The warning message isn't really applicable, as the rule is not recursive and already has a syntactic predicate.
 
Is this normal behavior? I.e. when using syntactic predicates, is it normal to have to give "k" a small finite value to get the lookahead to work properly, rather than simply to enhance efficiency?

TJP: I get no errors emitted from 3.1 (vs 3.0.1) and yet I get the bad DFA for decision 8. (I will try to attach the DFA view).
 

Terence Parr - 11/Dec/07 02:49 PM
Actually, this grammar is smaller and gives same problem.

parser grammar T;

statement
    : (reference ASSIGN)=> reference ASSIGN expr
    | expr
    ;

expr: reference
    | INT
    | FLOAT
    ;

reference
    : ID L argument_list R
    ;

argument_list
    : expr COMMA expr
    ;

No stop state for alt 1. That's the first issue.

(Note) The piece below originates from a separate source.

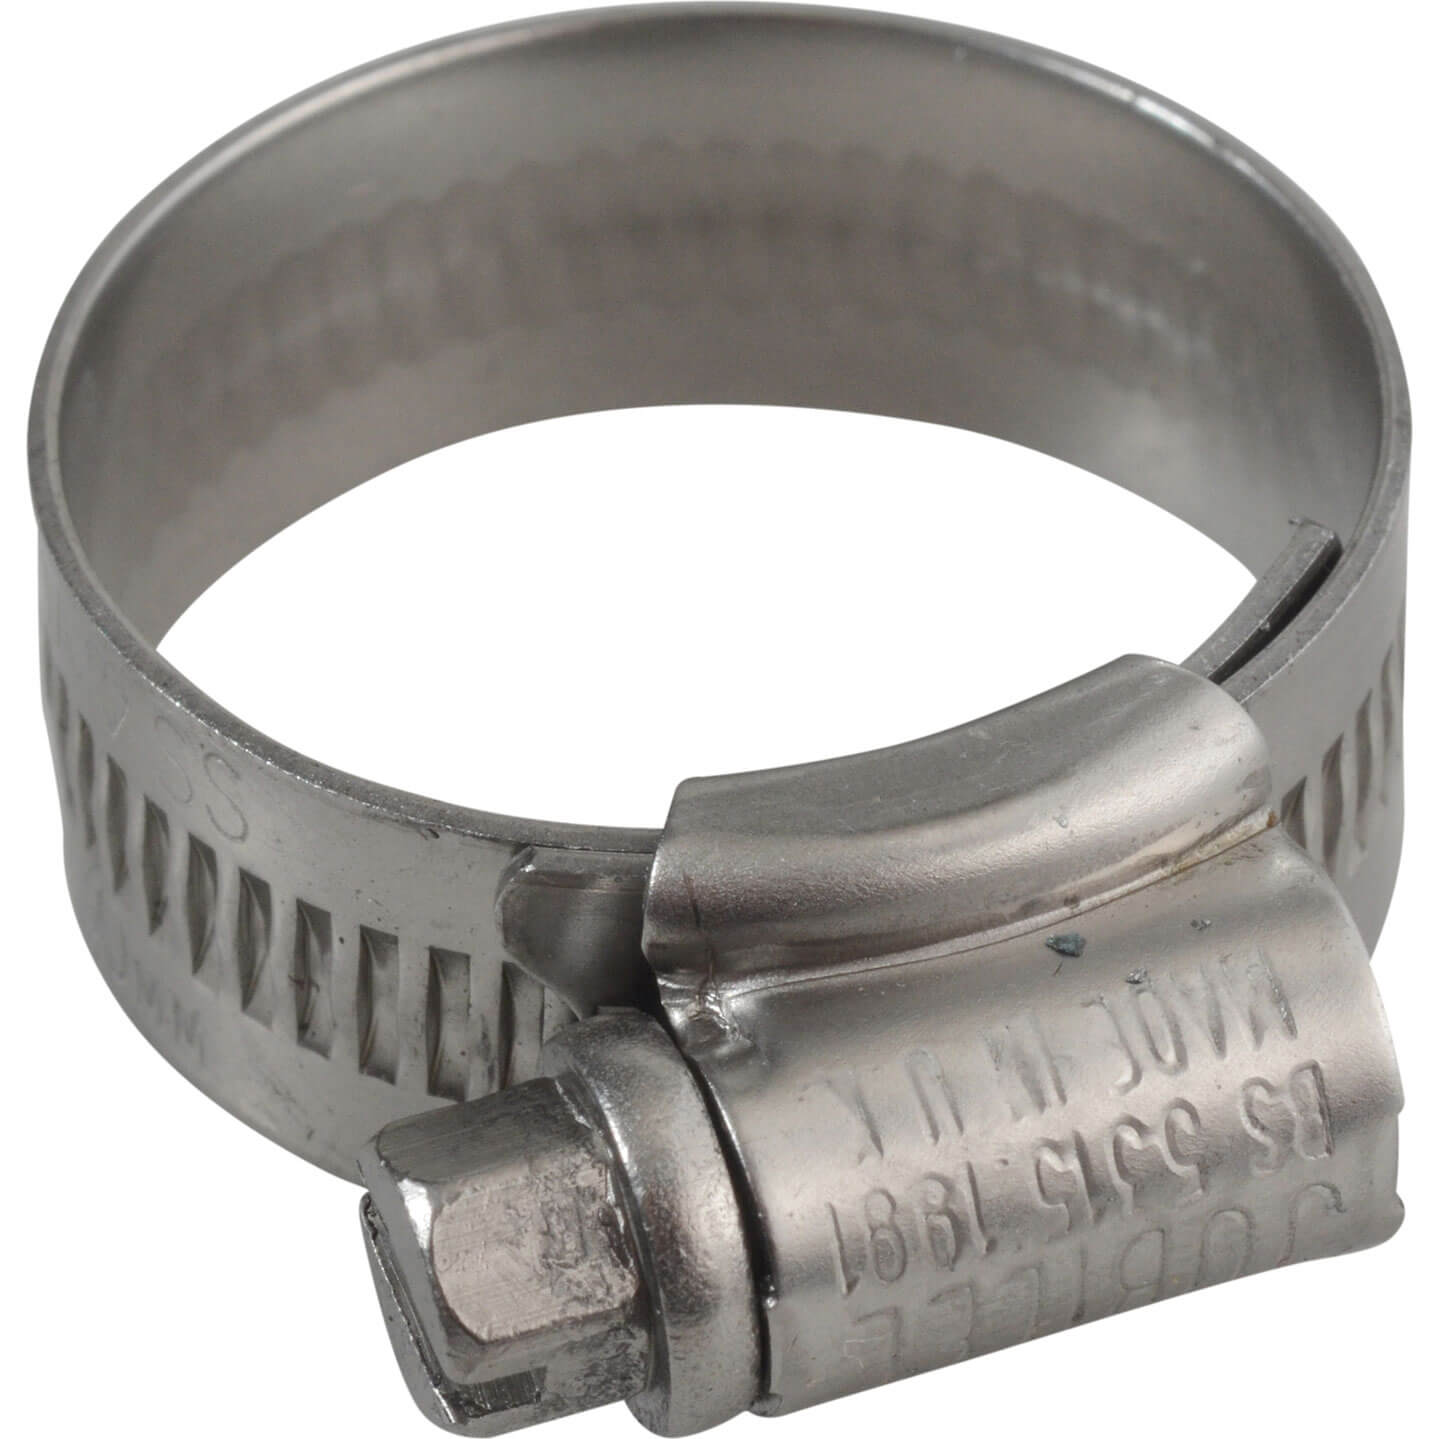 Jubilee OX Stainless Steel Hose Clip 18 to 25mm (3/4 to 1")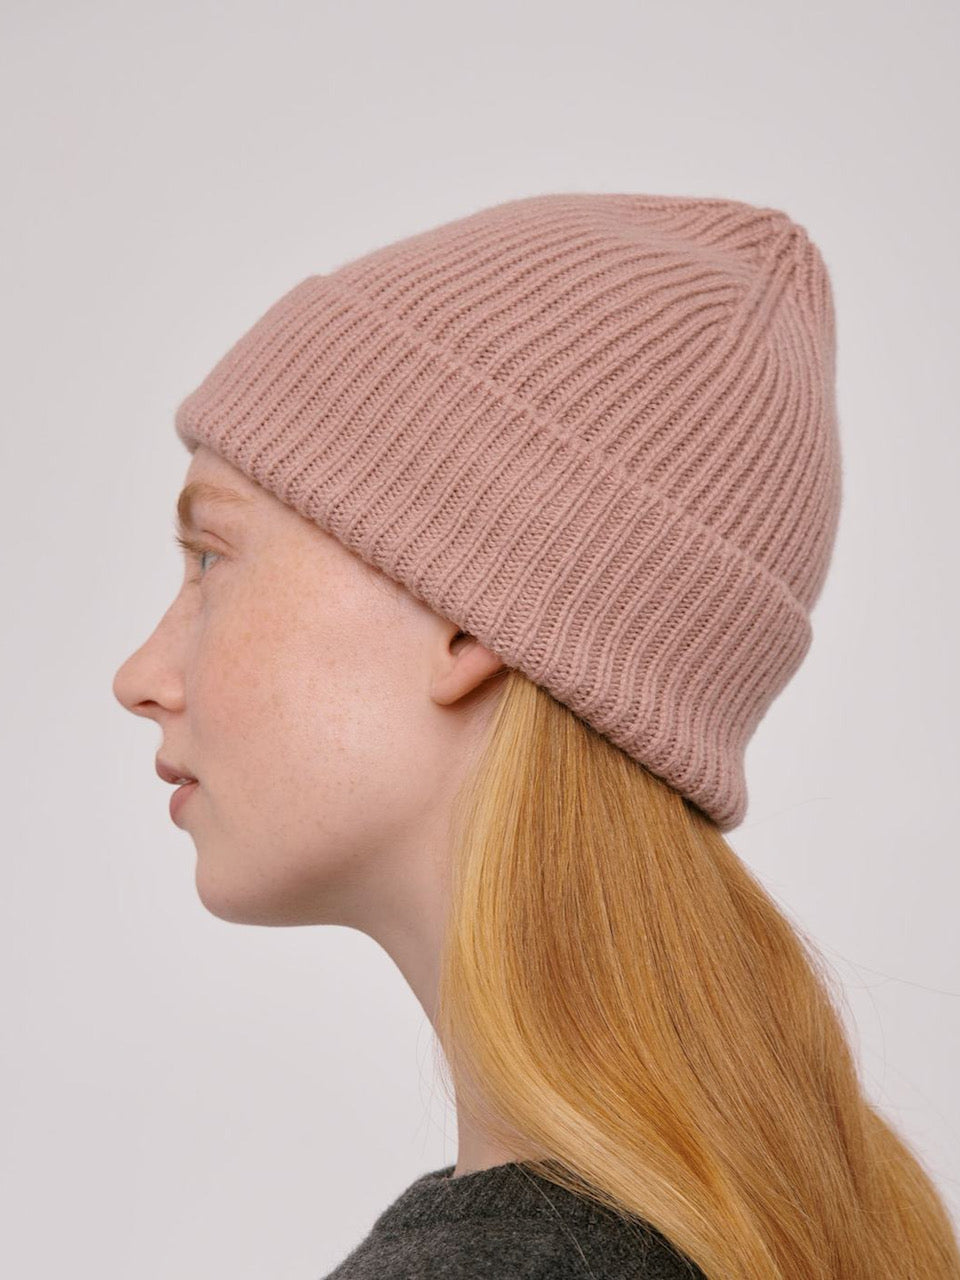 A woman wearing an Organic Basics Recycled Wool Beanie – Dusty Rose.

Then there is issue of no error message!

Terence Parr - 13/Dec/07 11:27 AM
Another grammar that fails:

grammar E;

a : e X
  | e Y
  ;

e : L e R
  | I
  ;

The DFA has 2 dangling states s2 s4 for I and LI input.

Terence Parr - 14/Dec/07 01:23 PM
ANTLR detected but failed to announce the error as it thought it would retry with k=1. It just didn't. ;) Did lots of clean up. See changes for December 13-14, 2007.